Please repeat only the lines below starting at the line that holds "Sabertoothed-tiger skull" and ending at the line that holds "Dead Space 2", exactly, with both of those lines included and every picture omitted.

### AVAILABLE DATA
****

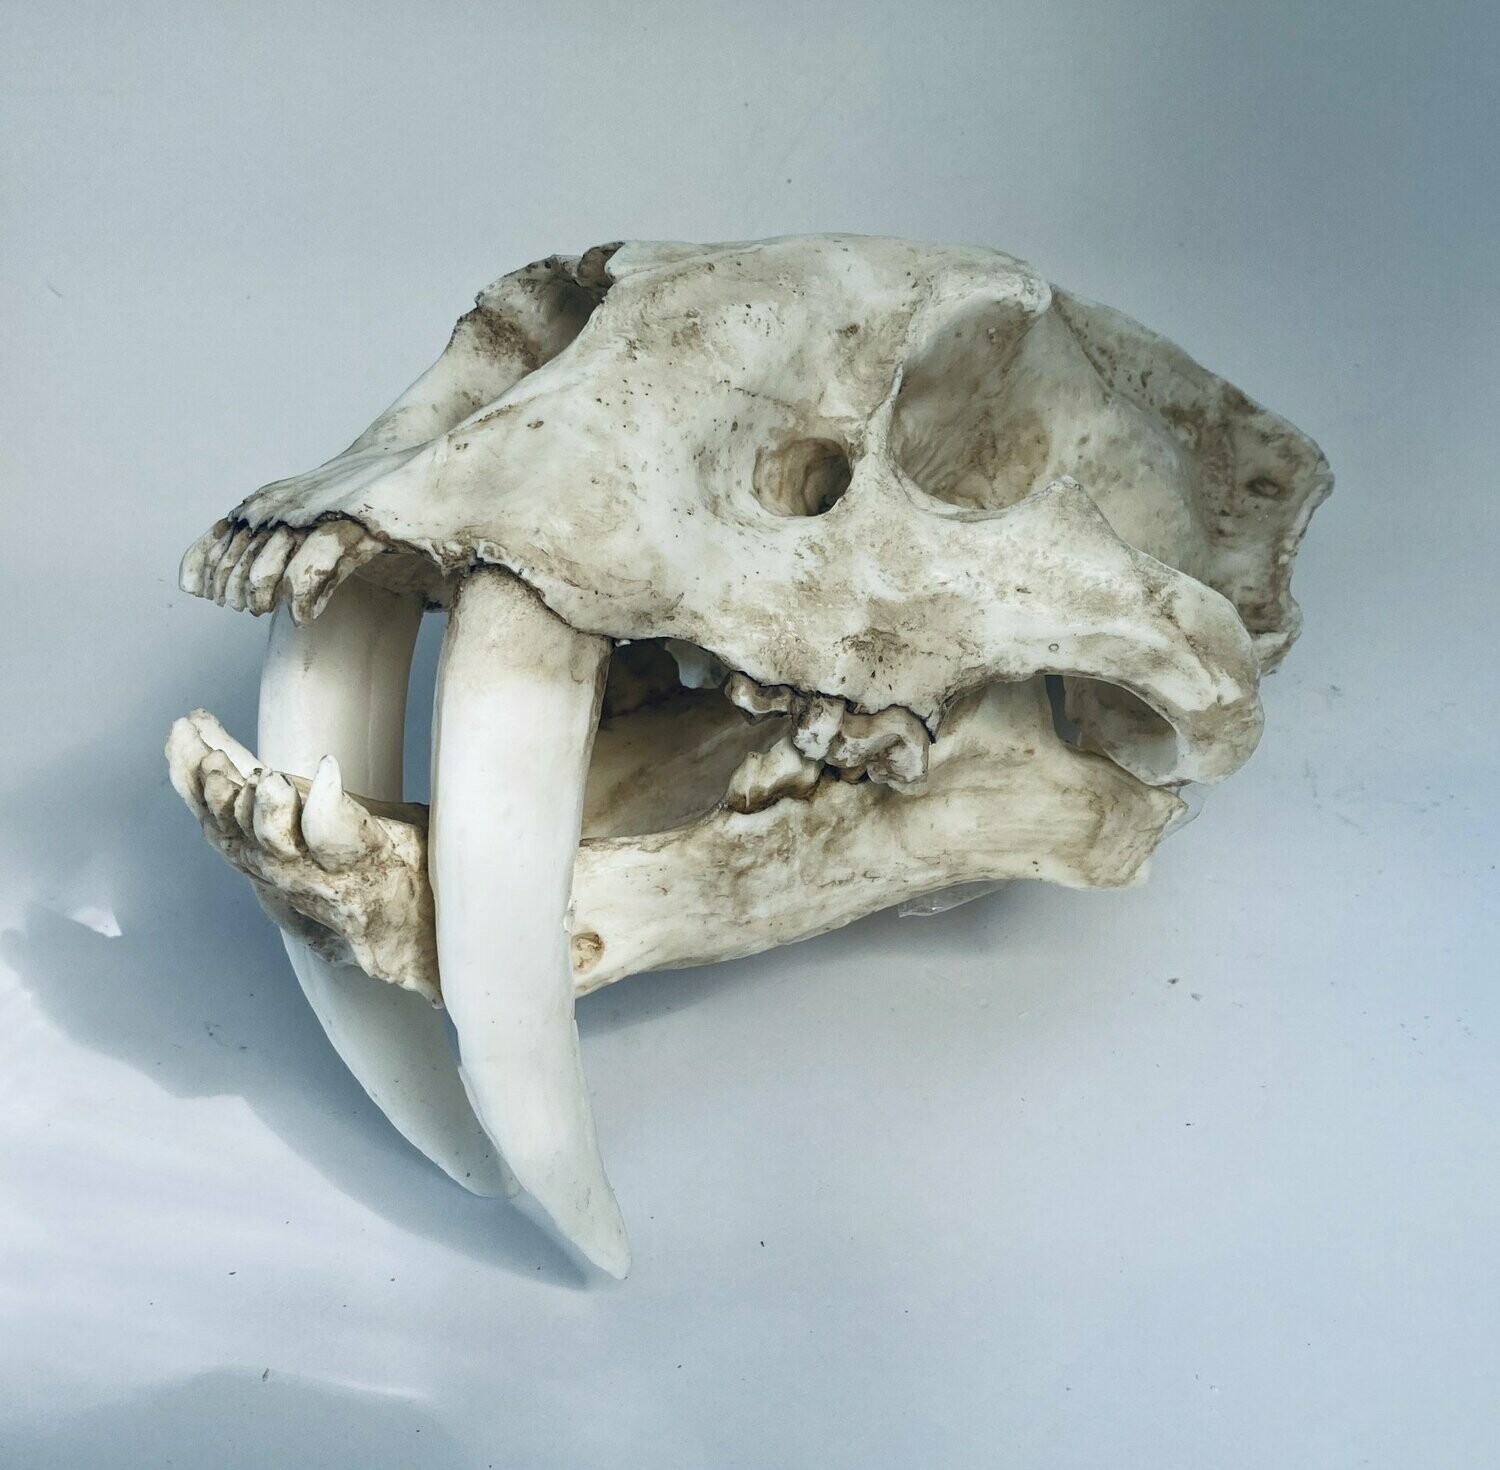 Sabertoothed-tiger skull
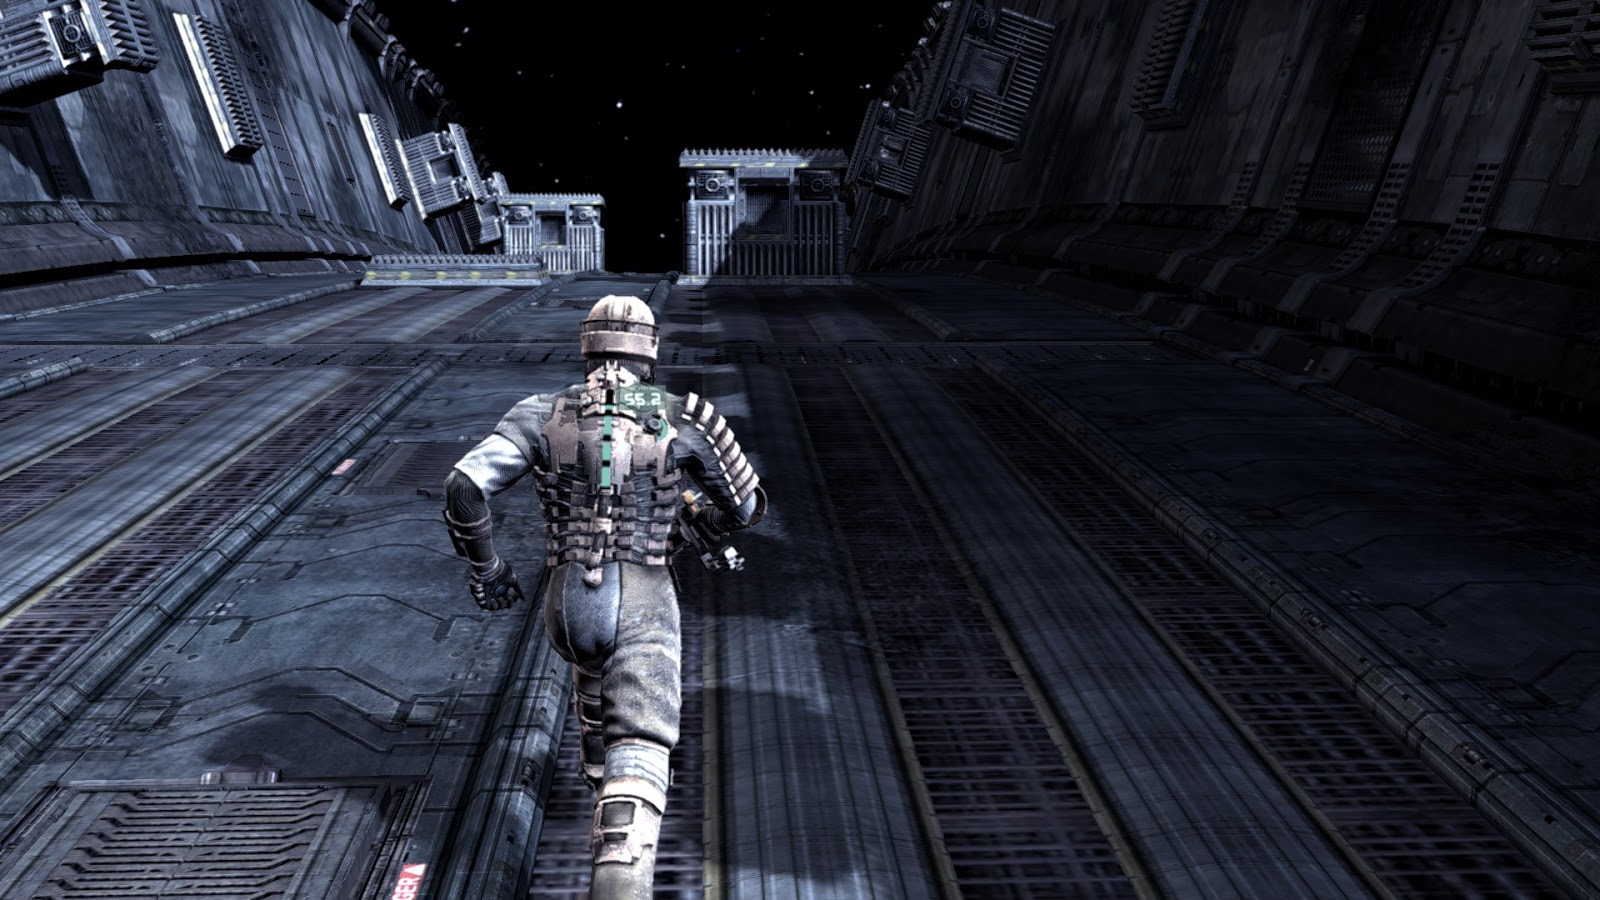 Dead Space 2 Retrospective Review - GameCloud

****

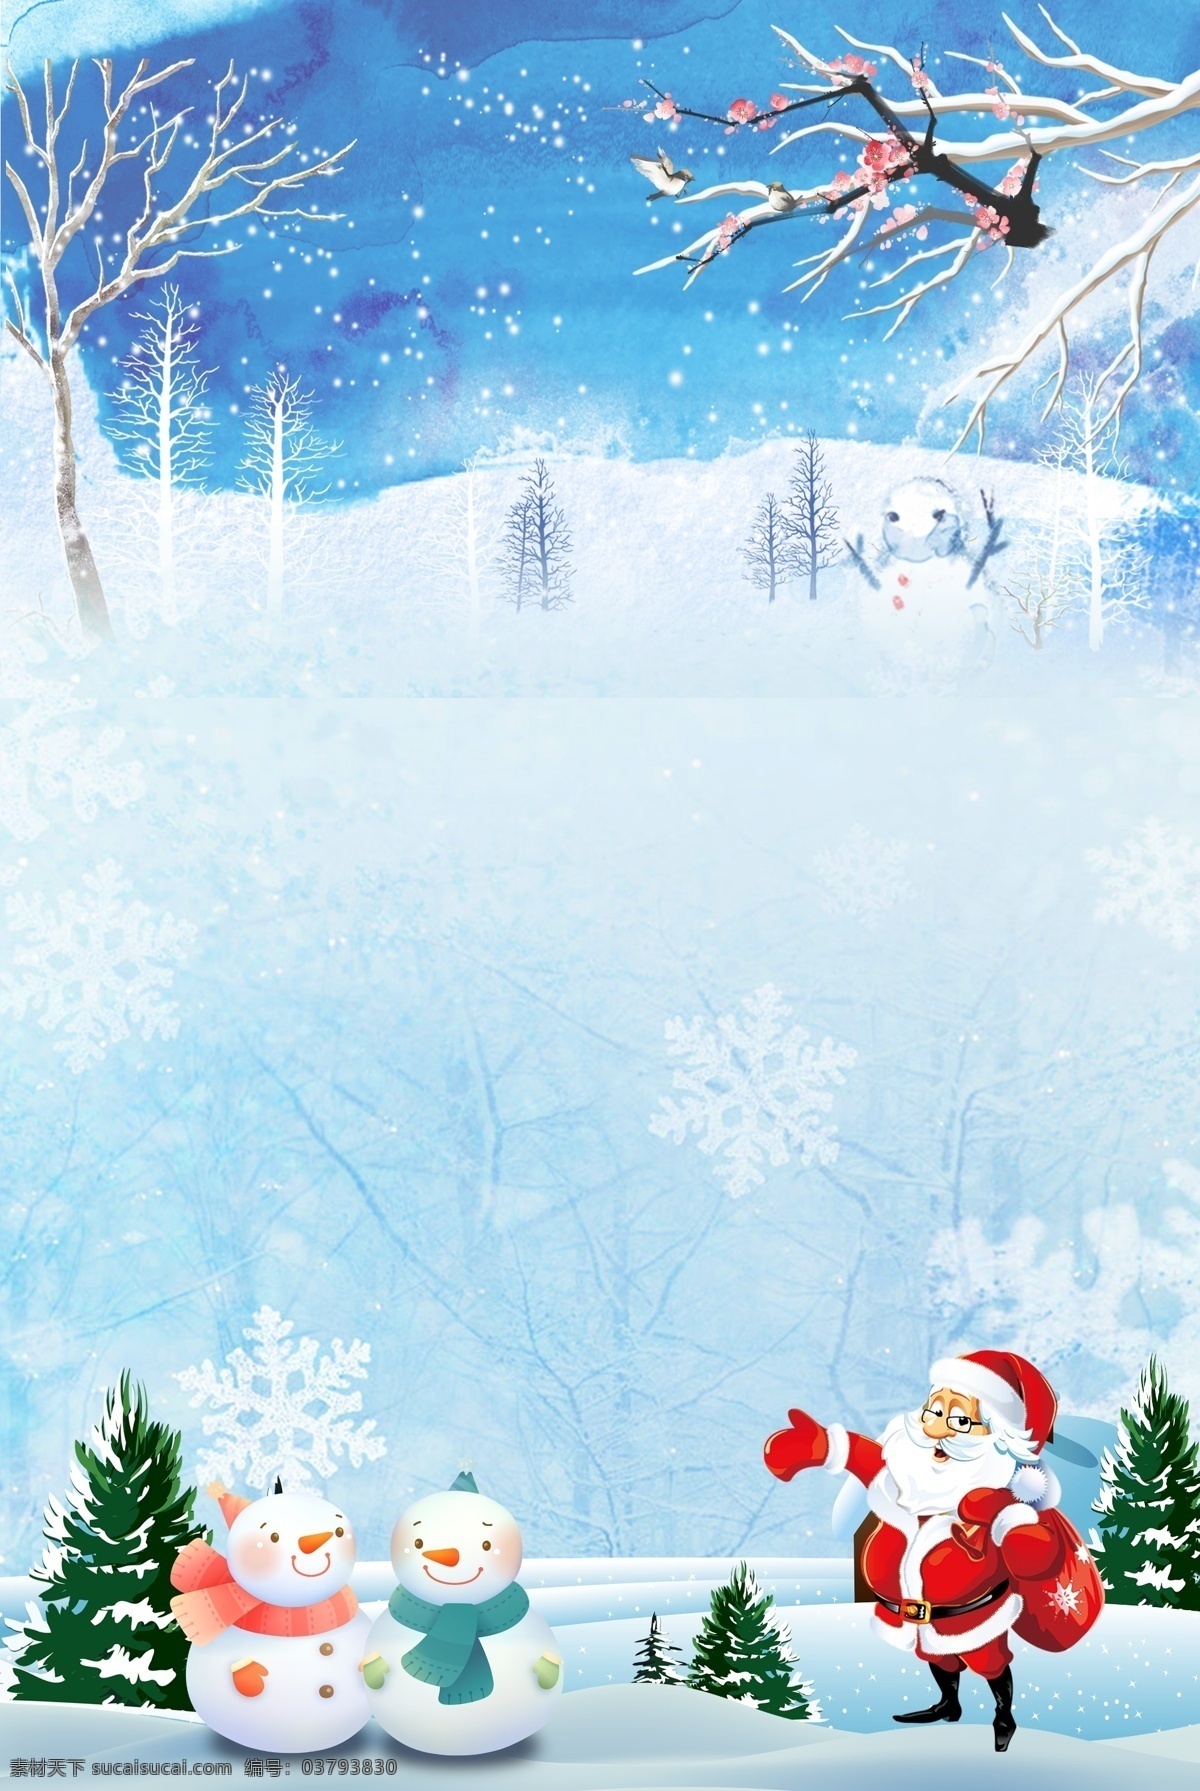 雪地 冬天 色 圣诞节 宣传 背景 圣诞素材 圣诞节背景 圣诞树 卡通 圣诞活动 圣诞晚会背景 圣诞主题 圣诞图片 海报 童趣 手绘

****

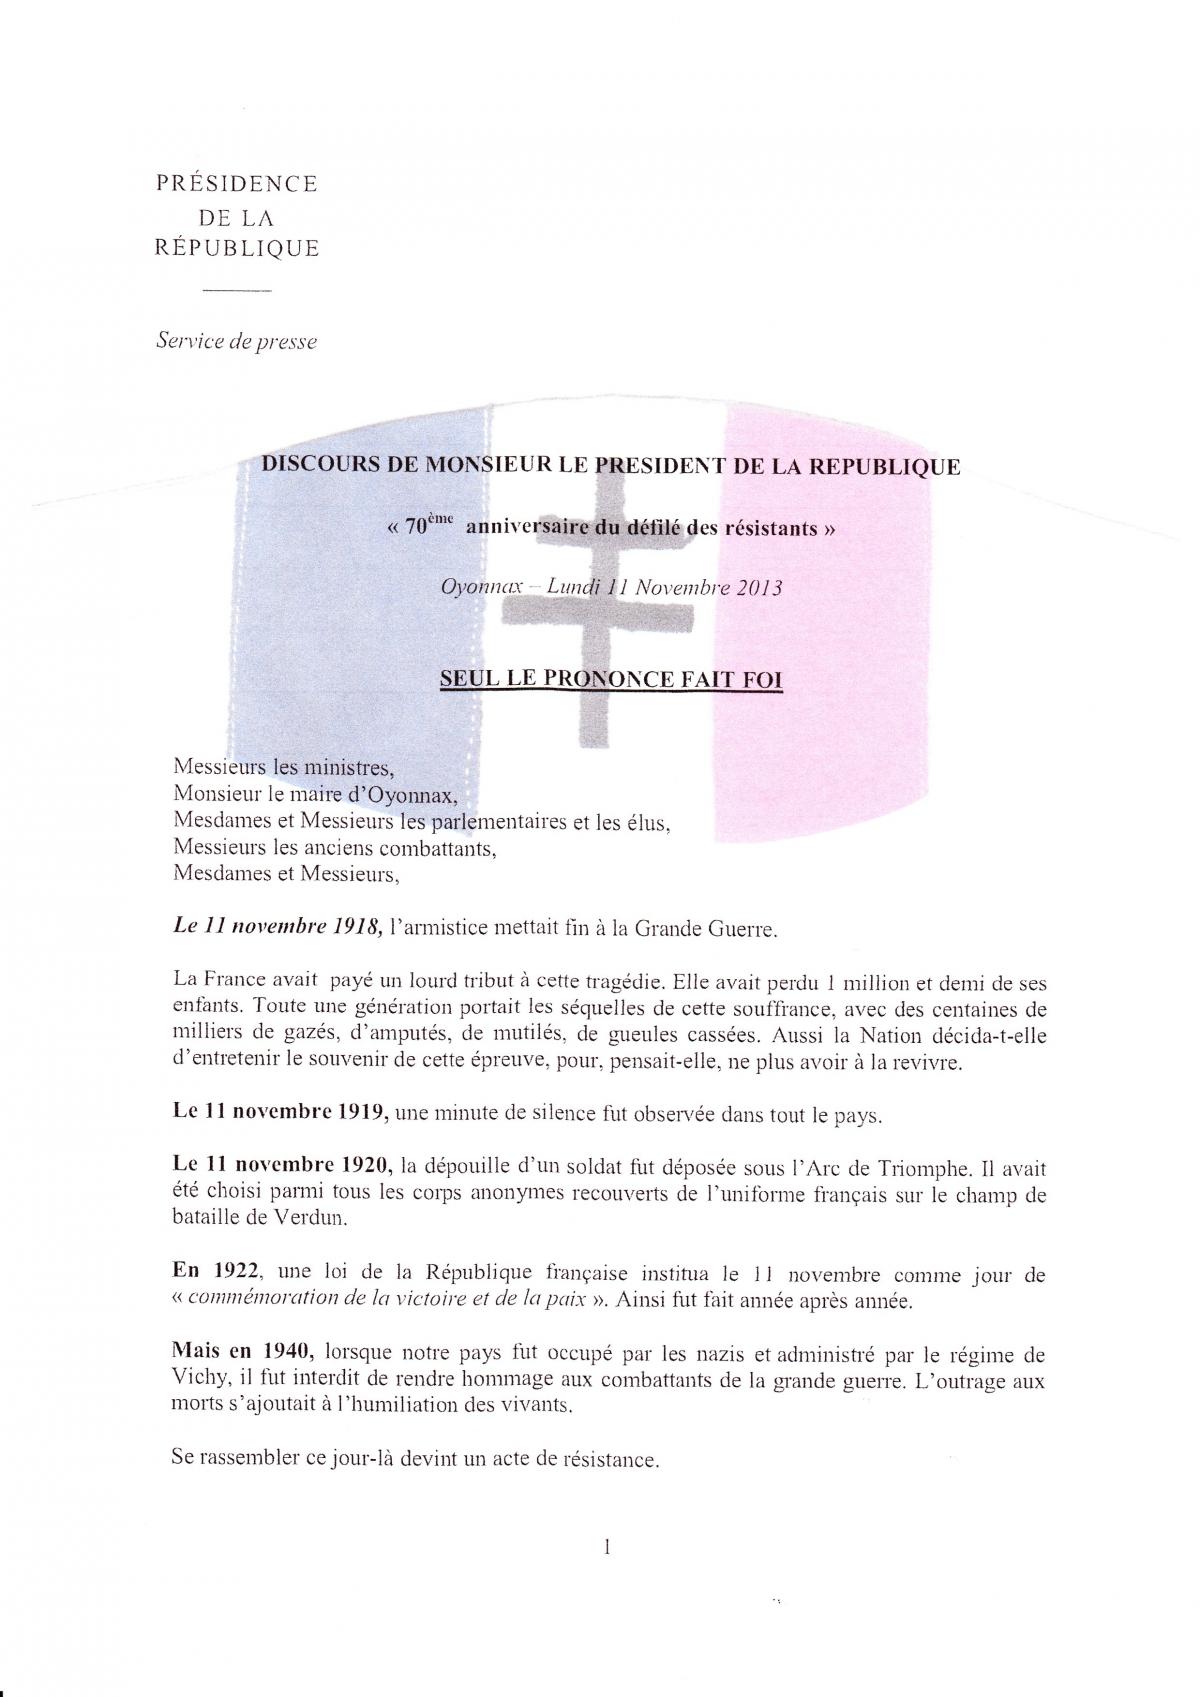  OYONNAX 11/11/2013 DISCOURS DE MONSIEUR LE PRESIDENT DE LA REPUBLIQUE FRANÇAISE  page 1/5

****

### ANSWER TO THIS PROBLEM
 Sabertoothed-tiger skull
 Dead Space 2 Retrospective Review - GameCloud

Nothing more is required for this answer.